Problem : You are given a malformed linked list in which one of the list element's next pointer points back to the same element. Write a function to return a pointer to the list structure with the incorrect next pointer.

list_t *find_malformed(list_t *list) { for(;list!=NULL && list->next!=list; list->next); return list; }

Problem : You are given a pointer to somewhere in the middle of a doubly-linked list of integers:

typedef struct _list_t_ { int data; struct _list_t_ *next; struct _list_t_ *prev; } list_t; Find the largest element in the list.

int find_largest(list_t *list) { list_t *largest; if (list==NULL) return -1; while(list->prev!=NULL) list = list->prev; for(largest=list; list!=NULL; list = list->next) { if (list->data > largest->data) largest=list; } return largest->data; }

Problem : If a linked list were in sorted order, would you be able to write a search routine that worked in less than O(n) time?

No; a linked list is not a random-access data structure. In other words, even if you knew exactly where in the list the data existed, you would still have to traverse all the elements before or after to it to get to it, performing O(n) operations.

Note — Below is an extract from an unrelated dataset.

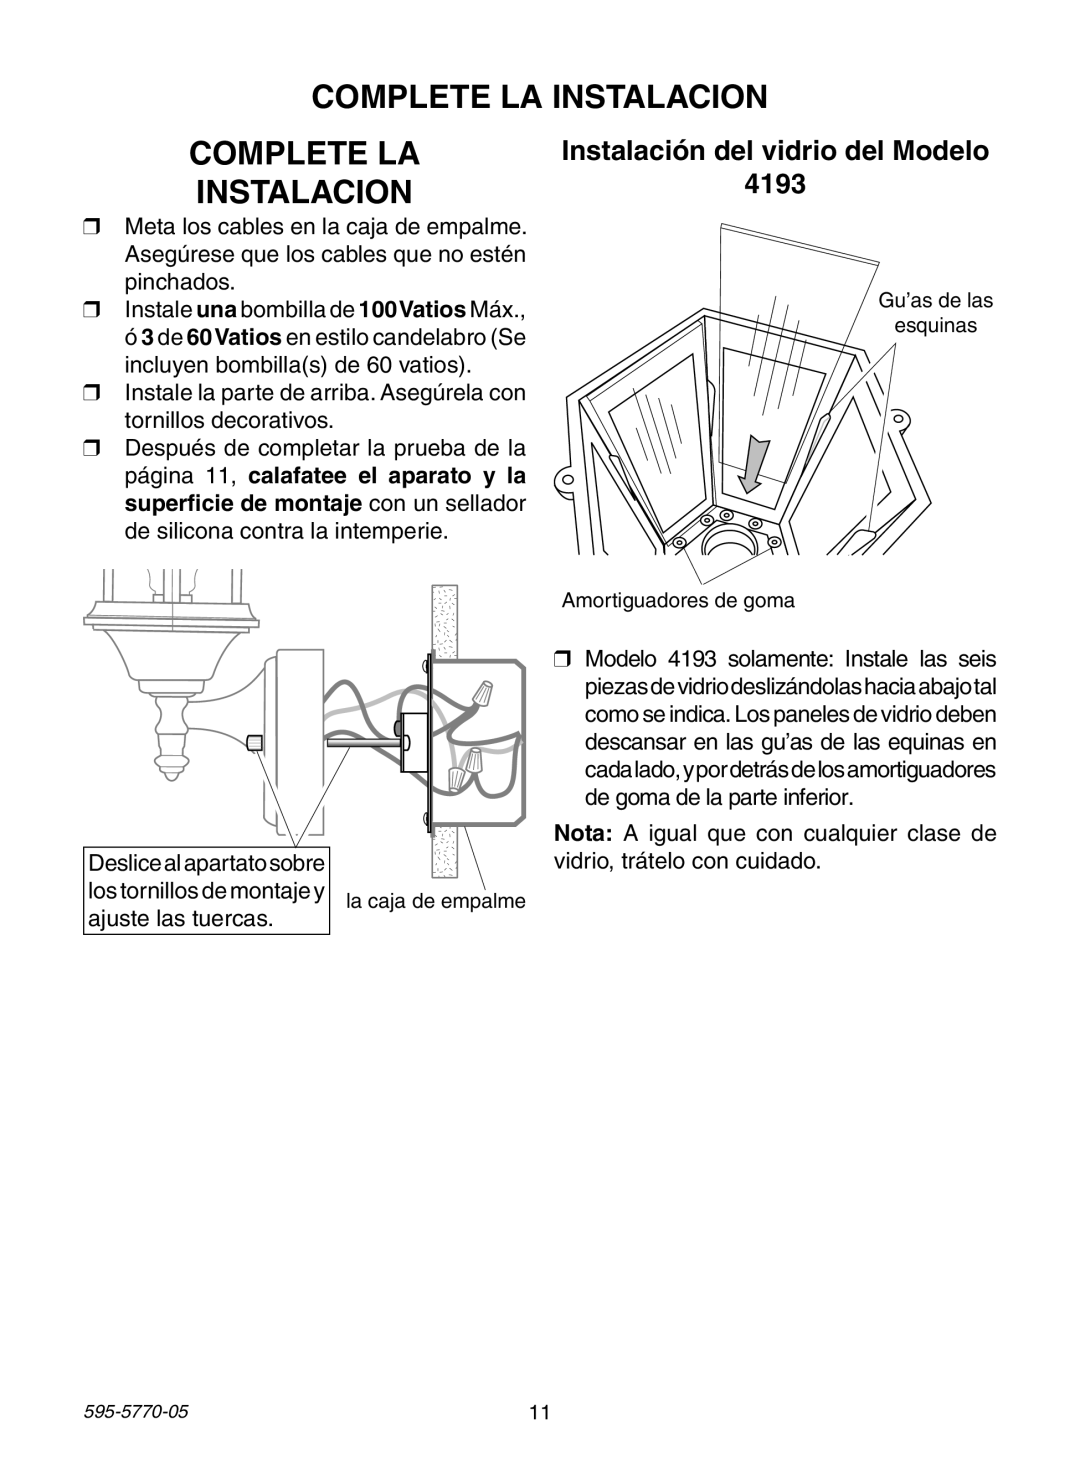 Heath Zenith HB-4190 Series manual Complete La Instalacion, Instalación del vidrio del Modelo

Problem : Given a singly-linked list, return a pointer to the first element whose data field is less than or equal to the data element of the last value in the list.

list_t *smaller_than_last(list_t *list) { list_t *ptr; if (list==NULL) return NULL; for(ptr=list; ptr->next != NULL; ptr = ptr->next); for(; list!=NULL; list=list->next) { if (list->data <= ptr->data) return list; } return ptr; }